Beeri – Gesprengte Häuser, verkohlte Hauswände, Brandgeruch – vieles mögen Frank-Walter Steinmeier und seine Delegation über den Überfall der Hamas auf Israel auf Fotos gesehen oder in Berichten gelesen haben. Es ist nichts gegen die Wirklichkeit, die sie am Montag im Kibbuz Beeri erleben. „Wir haben eine Vorstellung davon gehabt, mit welcher Brutalität die Hamas hier vorgegangen ist. Aber, hier an diesem Ort zu sein, ist etwas vollständig anderes“, sagt der Bundespräsident nach einem Gang durch den Kibbuz.
Armeesprecherin Maya Bentwich führt die Gruppe in Vivian Silvers Haus.

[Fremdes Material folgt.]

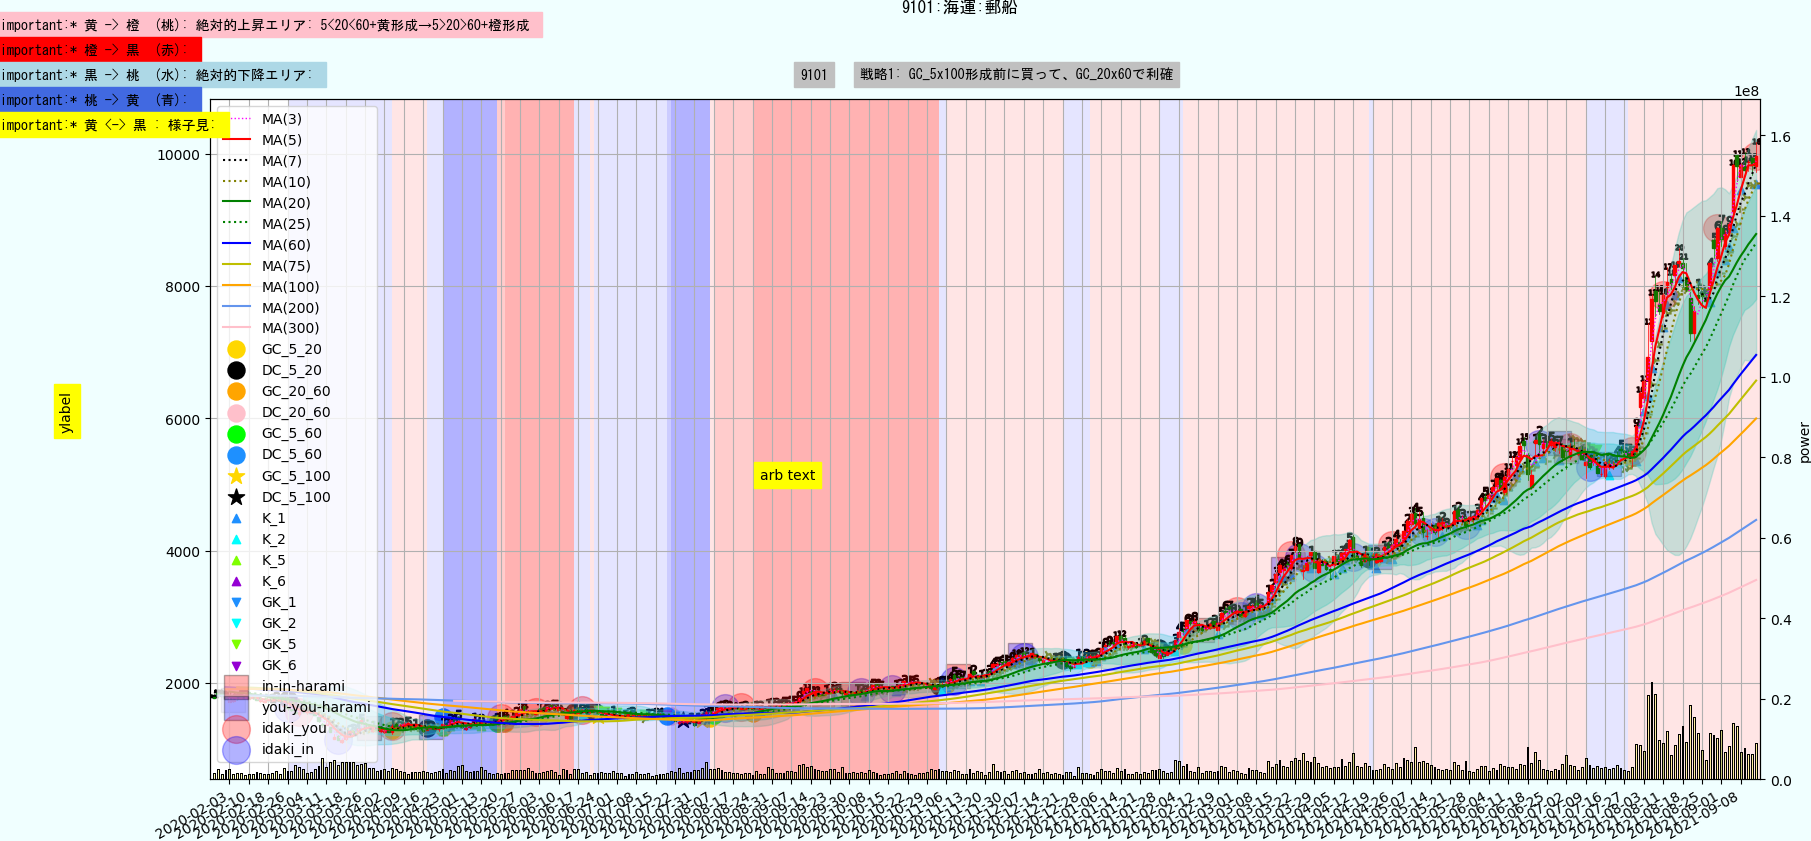 https://trident-capital-strage.s3.ap-northeast-1.amazonaws.com/charts/20210914/9101.png
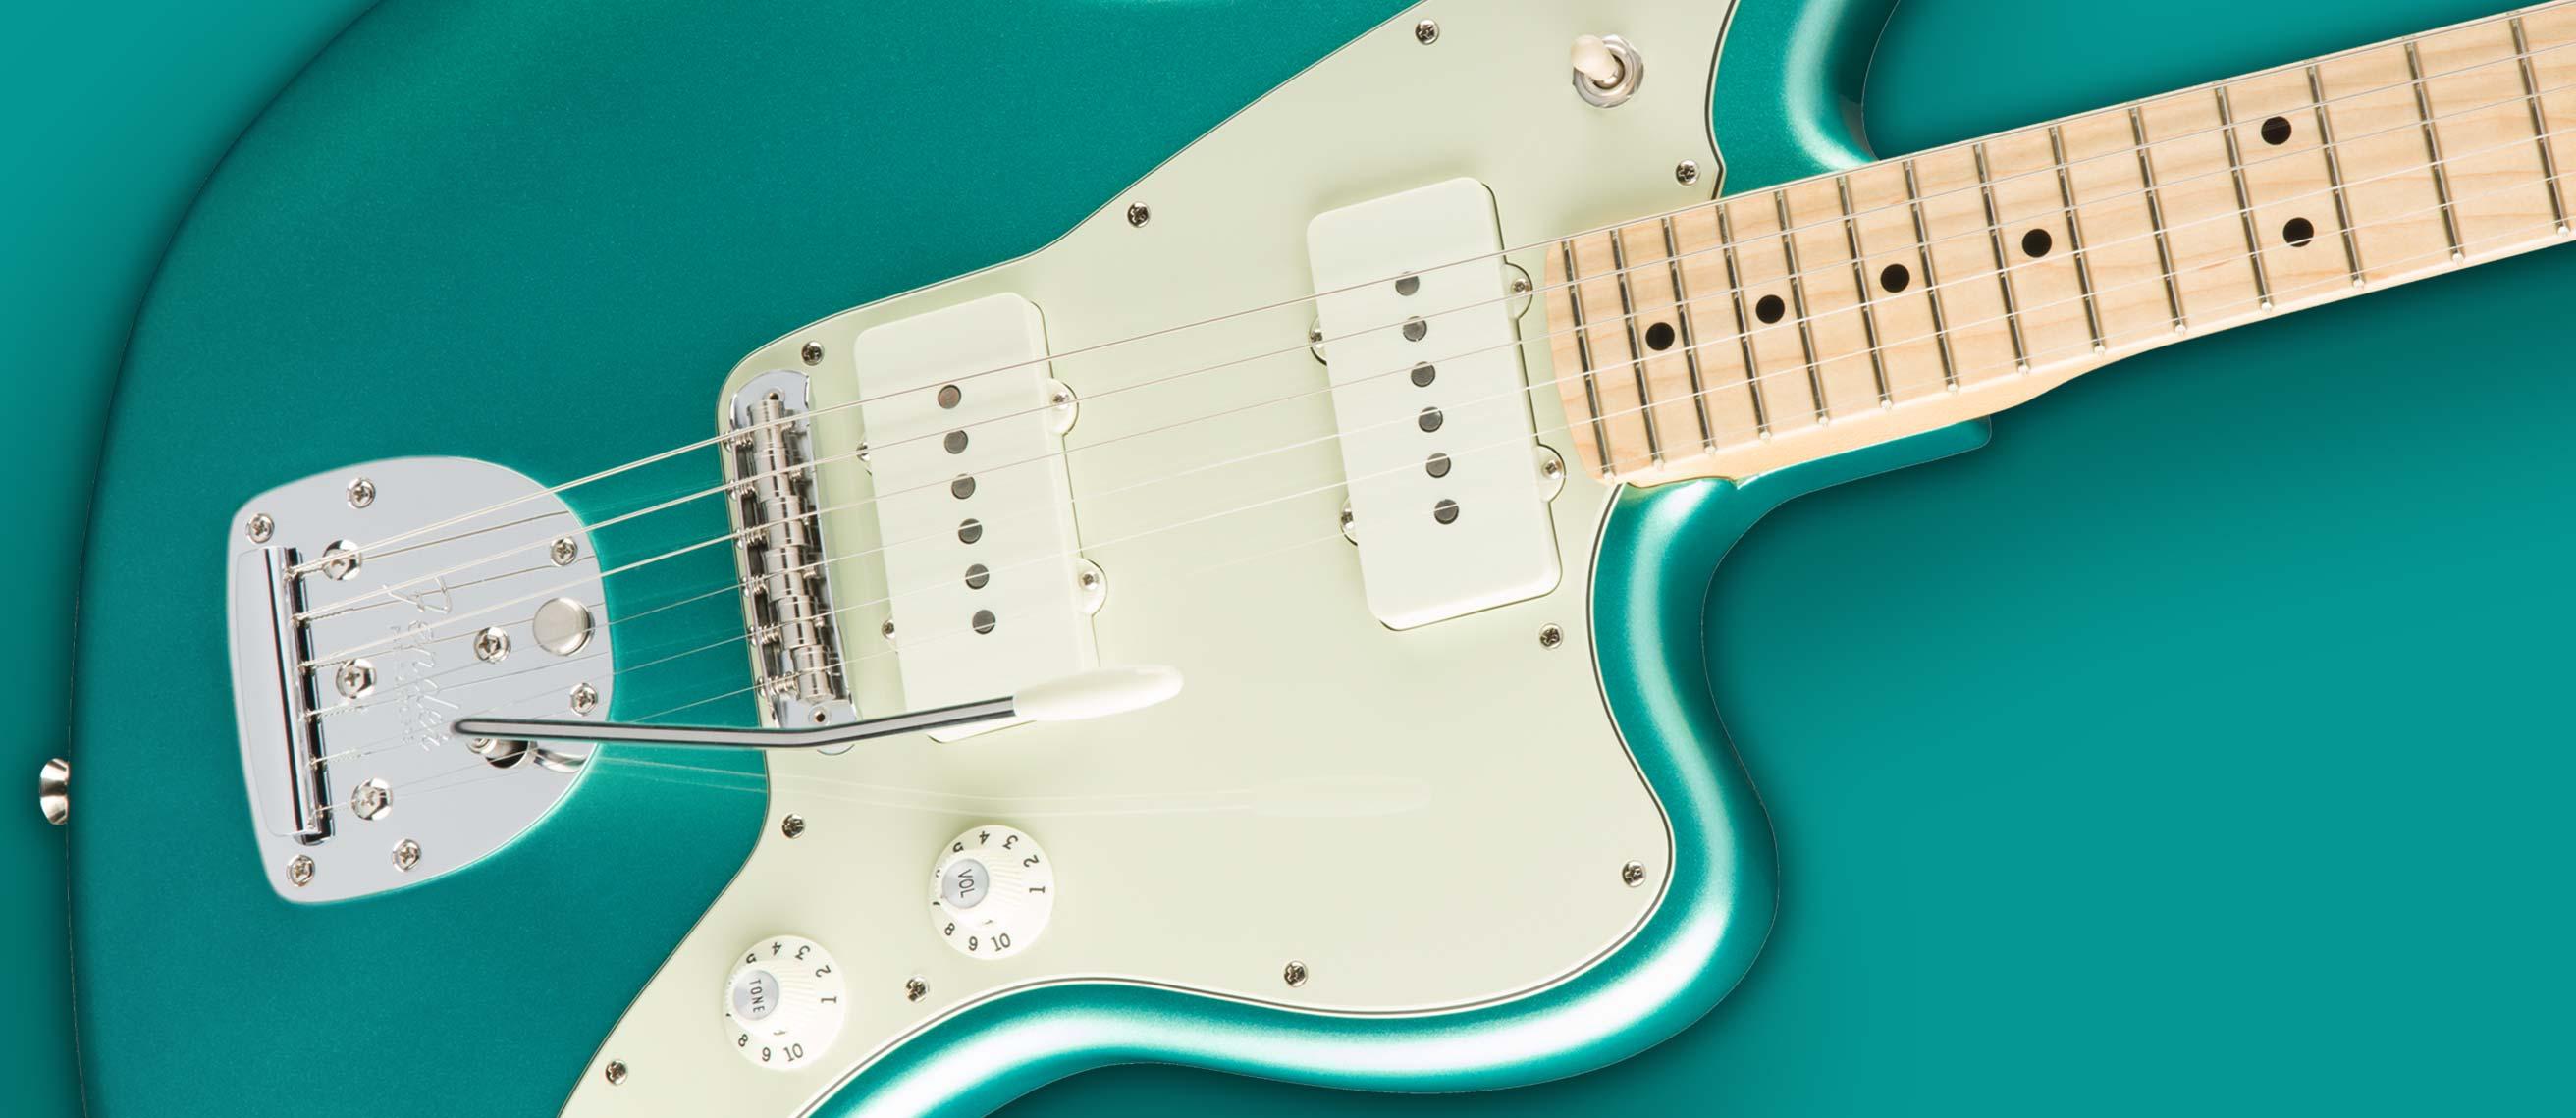 Mosrite Guitar Wiring Diagram Kawasaki Mule 600 Diagramsc Strat Fender Esp 16349 Jazzmaster Heroresizeu003d6652c289

Zwischen Schutt und Asche liegt eine verkohlte Mikrowelle. Die 74-Jährige, eine Jüdin aus Kanada, war Friedensaktivistin. „Sie glaubte an den Frieden mit den Palästinensern.“ Die Terroristen verbrannten sie, man fand nur noch ihre Zähne. „Wir brauchten über einen Monat, um die Leiche zu identifizieren.“
Steinmeier lässt später durchblicken, was ihm berichtet wurde. Er spricht davon, dass Frauen vergewaltigt, Menschen in den Schutzräumen verbrannt, Kinder enthauptet und andere Opfer entführt worden seien. „Ich muss Ihnen gestehen, bei all dem, was wir eben gehört haben, versagt auch mir die Sprache, um Ihnen zu sagen, was im Detail an diesem Ort geschehen ist.“
Deutschland will nun dazu beitragen, den Ort wiederaufzubauen. Steinmeier kündigte an, dass der Bundestag für 2024 einen Betrag von sieben Millionen Euro bereitstellen werde.
Nach den Gräueltaten der Hamas wurde auch für die in den Gazastreifen verschleppten Menschen das Schlimmste befürchtet. Doch die Geiseln sind nach Angaben ihrer Angehörigen nicht misshandelt worden. „Es ist sehr tröstlich, das zu wissen“, sagte Osnat Meiri, ein Cousin der freigelassenen Keren Munder.
Keren war mit ihrem neunjährigen Sohn Ohad und der Großmutter Ruti verschleppt worden. Am Freitag waren sie beim Austausch gegen palästinensische Häftlinge freigekommen. Man wisse natürlich nicht, ob alle Geiseln unter denselben Bedingungen festgehalten würden, fügte Meiri hinzu. Es habe Tage gegeben, an denen es nichts zu essen gab. Manchmal hätten die Verschleppten eineinhalb Stunden warten müssen, bis sie zur Toilette durften. Es habe auch keine Liegen oder Betten zum Schlafen gegeben, nur Bänke und Stühle. Die Wachen hätten einigen der Geiseln ab und zu erlaubt, israelisches Radio zu hören. So habe Ruti Munder noch in der Geiselhaft erfahren, dass ihr Sohn Roi bei dem Hamas-Massaker getötet worden war.
Gestern Abend wurde eine weitere Gruppe von Geiseln in die Obhut des Roten Kreuzes übergeben. Laut Medienberichten handelt es sich um neun Kinder und zwei Frauen. Unter ihnen seien auch zwei deutsche Teenager. Im Gegenzug sollen 33 weibliche und jugendliche palästinensische Häftlinge entlassen werden. Zuvor hatte es Unstimmigkeiten wegen der Namenslistengegeben: Israel hatte kritisiert, dass Mütter von ihren Kindern getrennt worden seien. Es war die vierte Gruppe, die seit Beginn der Feuerpause freikam. Bislang wurden 58 Geiseln gegen 117 palästinensische Häftlinge getauscht.
Israel und die Hamas hatten sich unter Vermittlung von Katar, Ägypten und den USA zunächst auf eine viertägige Feuerpause geeinigt. Katar gab gestern nur wenige Stunden vor Ablauf der Feuerpause bekannt, dass sie um zwei Tage verlängert wird.
Eine Aussicht auf Frieden gibt es derzeit aber noch nicht. Katar als Vermittler hält das israelische Ziel, die Hamas zu vernichten, für utopisch. „Man wird die Hamas nicht so einfach vernichten können. Ob wir mit ihr übereinstimmen oder nicht, sie ist Teil der Gesellschaft in Gaza und auch im Westjordanland“, sagte der katarische Ministerpräsident und Außenminister Mohammed bin Abdulrahman Al Thani der „FAZ“. Er tadelte Europäer, Israel für seine Kriegsführung in Gaza nicht stark genug zu kritisieren – und appellierte an die Staaten in der Region, eine Lösung für den Konflikt voranzubringen.